Unity-Technologies / ml-agents

The Unity Machine Learning Agents Toolkit (ML-Agents) is an open-source project that enables games and simulations to serve as environments for training intelligent agents using deep reinforcement learning and imitation learning.
https://unity.com/products/machine-learning-agents
Other
17.3k stars 4.17k forks source link

Synchronization Issue in ML-Agents Decision Timing #6175

Open matinmoezzi opened 1 week ago

matinmoezzi commented 1 week ago

Is your feature request related to a problem? Please describe.
Yes, the problem arises from the desynchronization between the decision time (when Python produces an action) and Academy.EnvironmentStep() (when Unity applies actions). This desync can lead to duplicate actions being taken or duplicate states being read, which is frustrating when trying to maintain consistency and synchronization during training. The issue seems to stem from the non-blocking websocket communication between Unity and Python.

Describe the solution you'd like
I’d like a blocking mechanism in Unity that pauses rendering until the next action from Python is available. This would ensure that Academy.EnvironmentStep() only processes actions and states in sync with the decision-making process, preventing duplicates.

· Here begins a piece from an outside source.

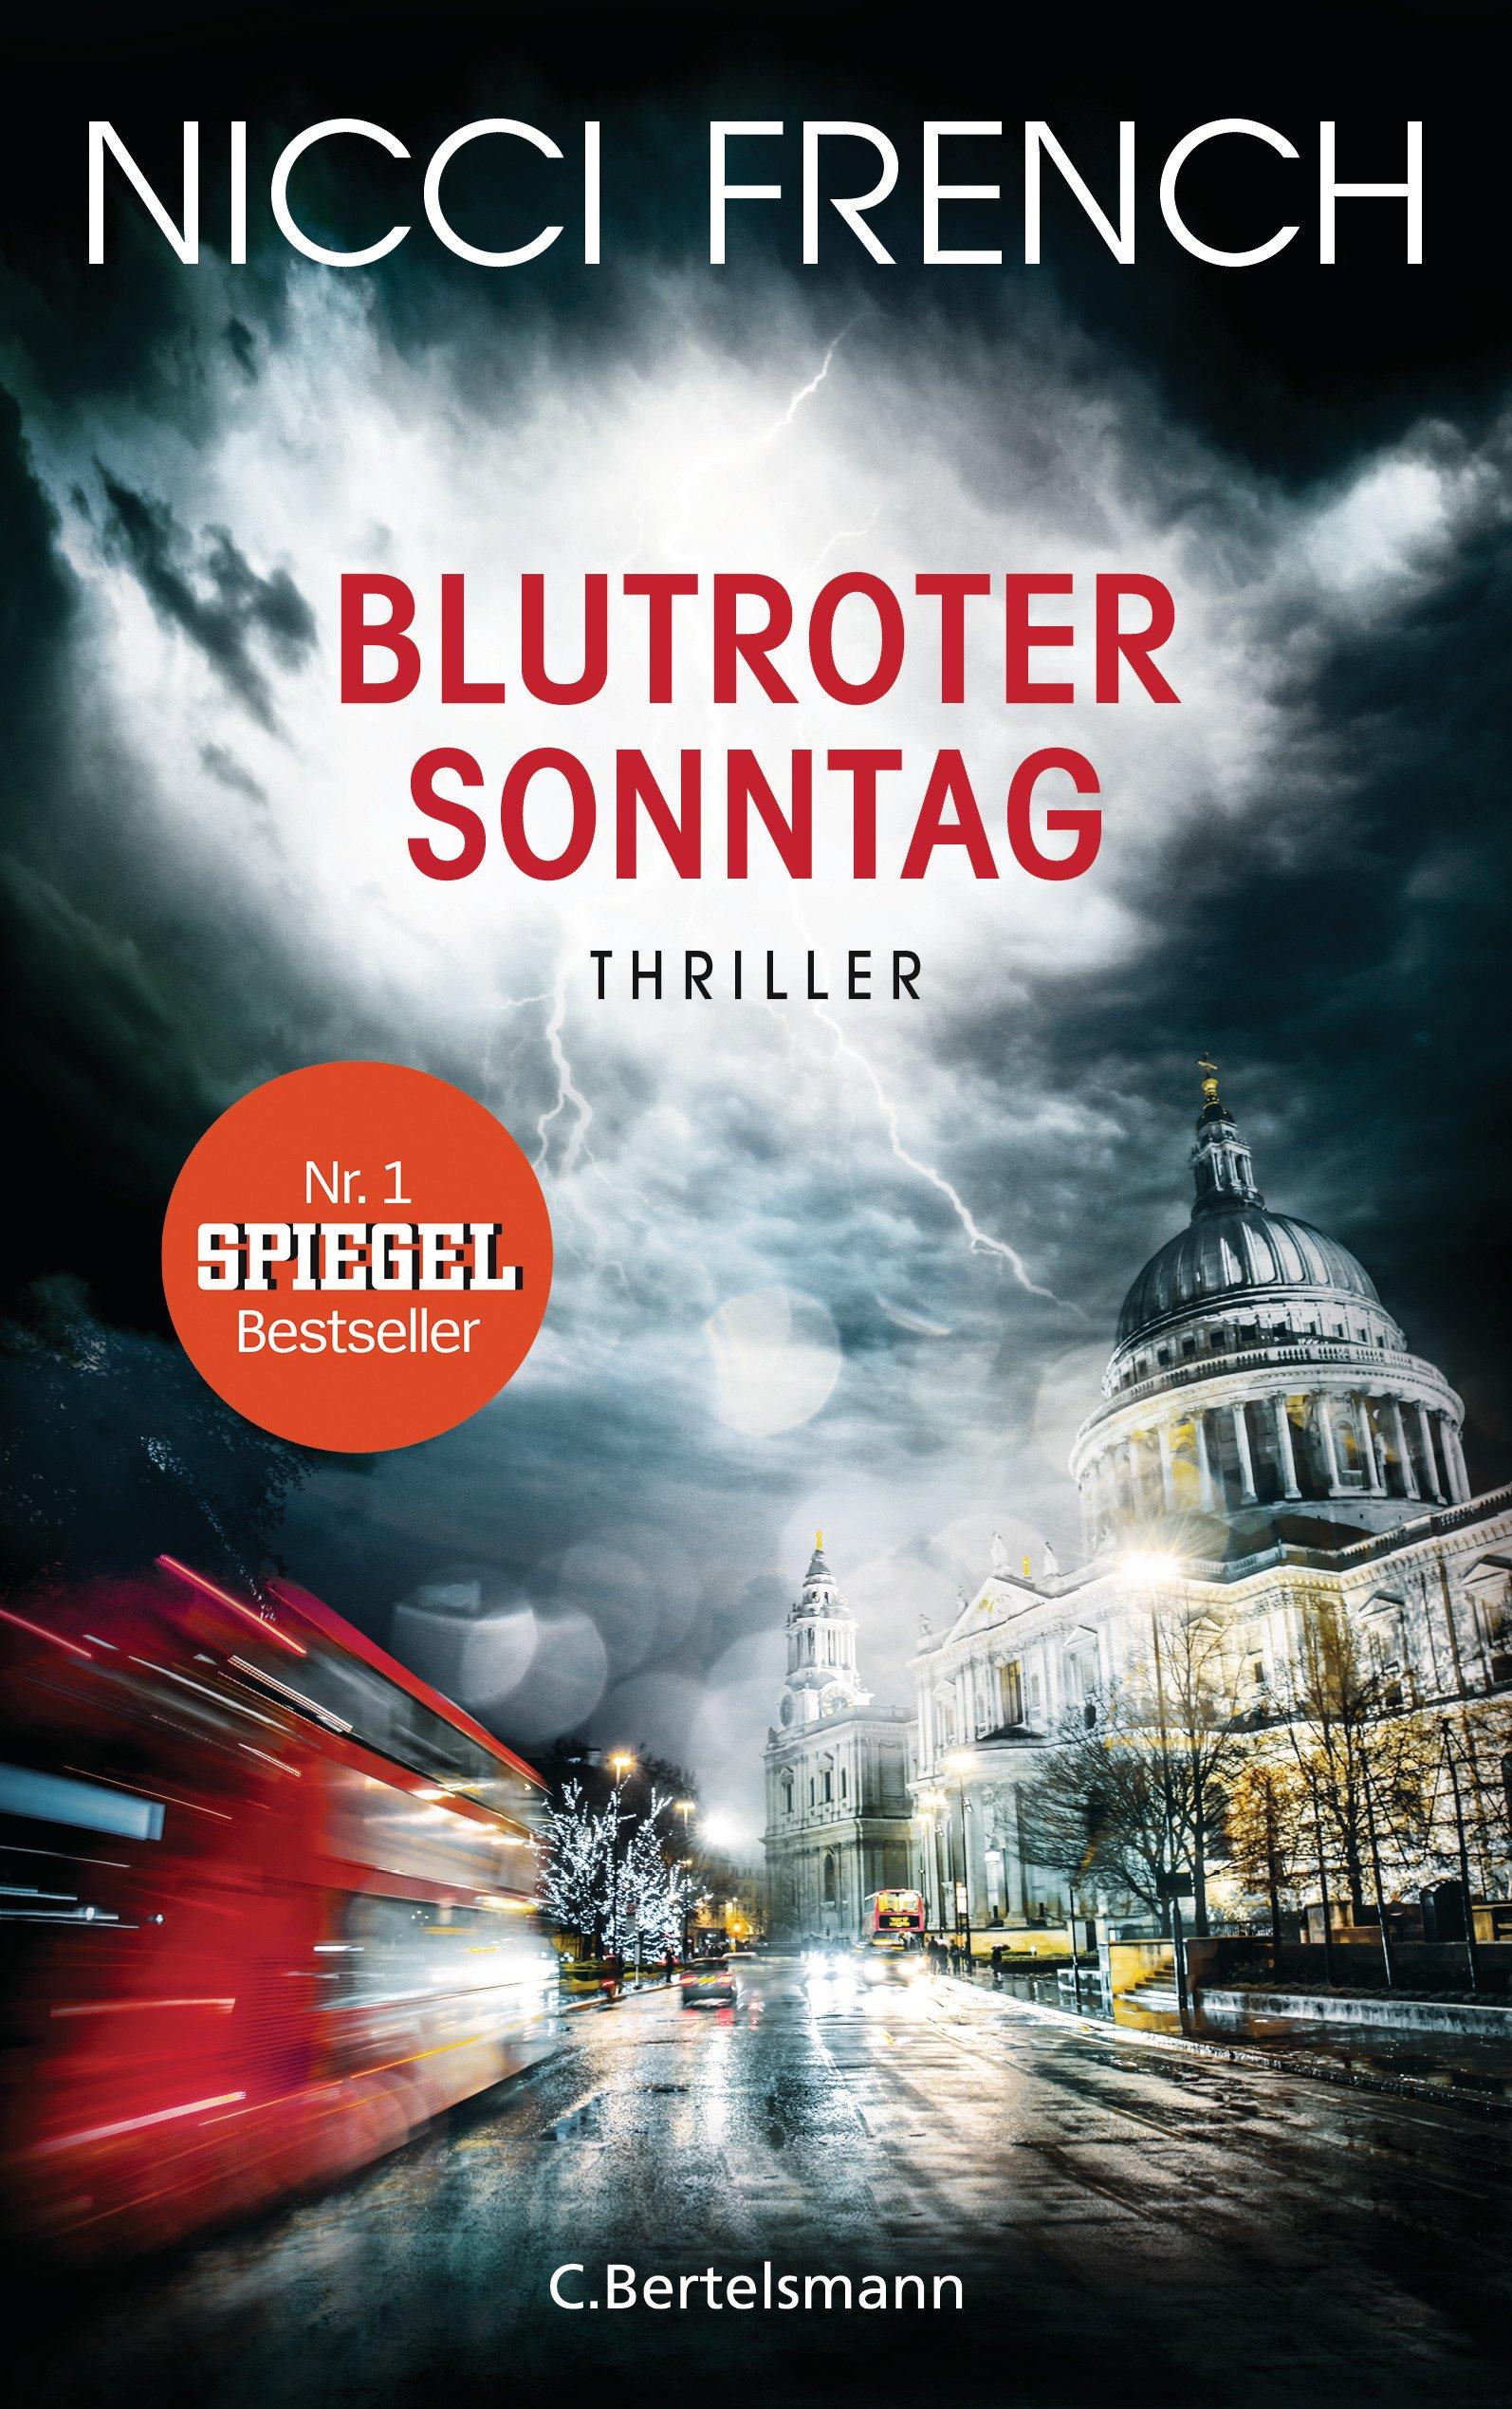 Blutroter Sonntag: Thriller Bd. 7 (Psychologin Frieda Klein als Ermittlerin, Band 7) Broschiert – 30. Oktober 2017 Nicci French Birgit Moosmüller C. Bertelsmann Verlag 3570103161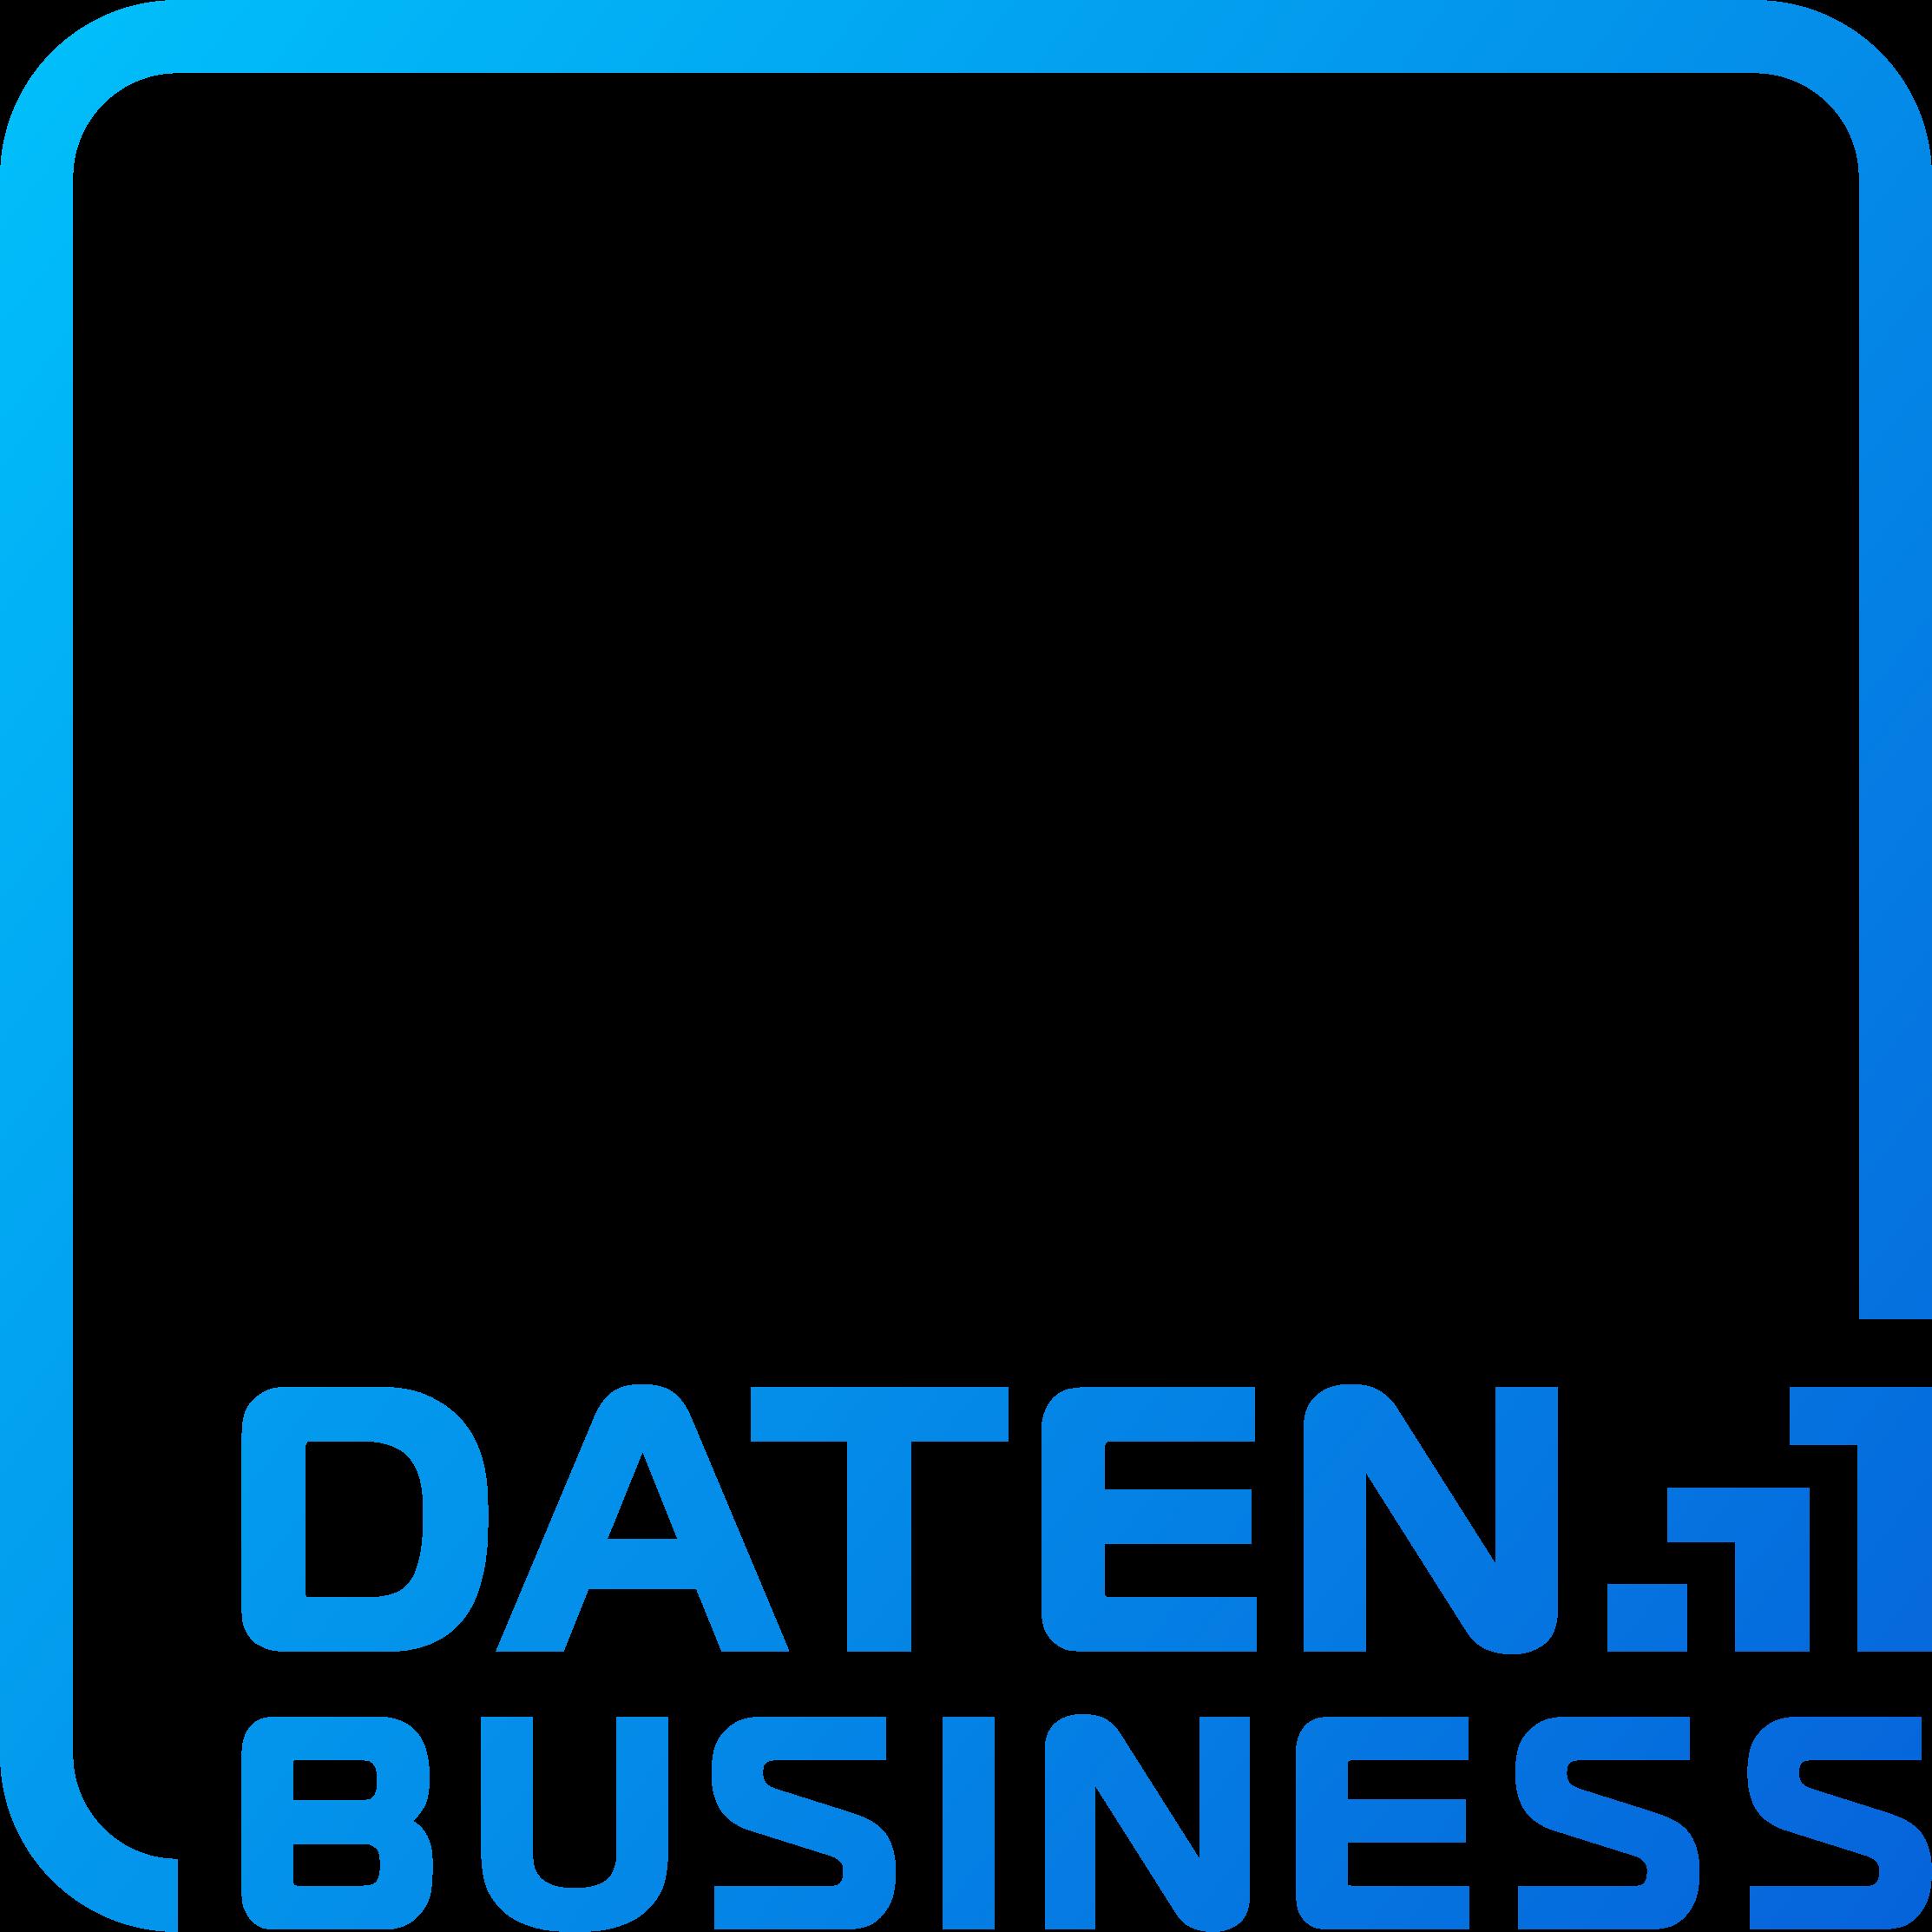 Datenbusiness

Describe alternatives you've considered

Additional context
This issue is likely caused by the asynchronous nature of websocket-based communication. A blocking mechanism could help bridge the gap between Unity and Python processes. Feedback or alternative solutions from the community would be greatly appreciated.

wlsdn2749 commented 12 hours ago

Howdy!

Have you ever used RequestDecision method instead of Decision Requester Components?

main usage is

public class Test : Agent
...
private bool isShootable;
void FixedUpdate()
{
  if(isShootable)
  {
    RequestDecision();
  }
}

...

The RequestDecision method works exactly the same as the Decision Requester component. However, decisions can be almost perfectly controlled as much as you want, so it will likely be more useful than you think

It follows the same process, such as RequestDecision -> CollectObservation -> OnActionReceived, and so on.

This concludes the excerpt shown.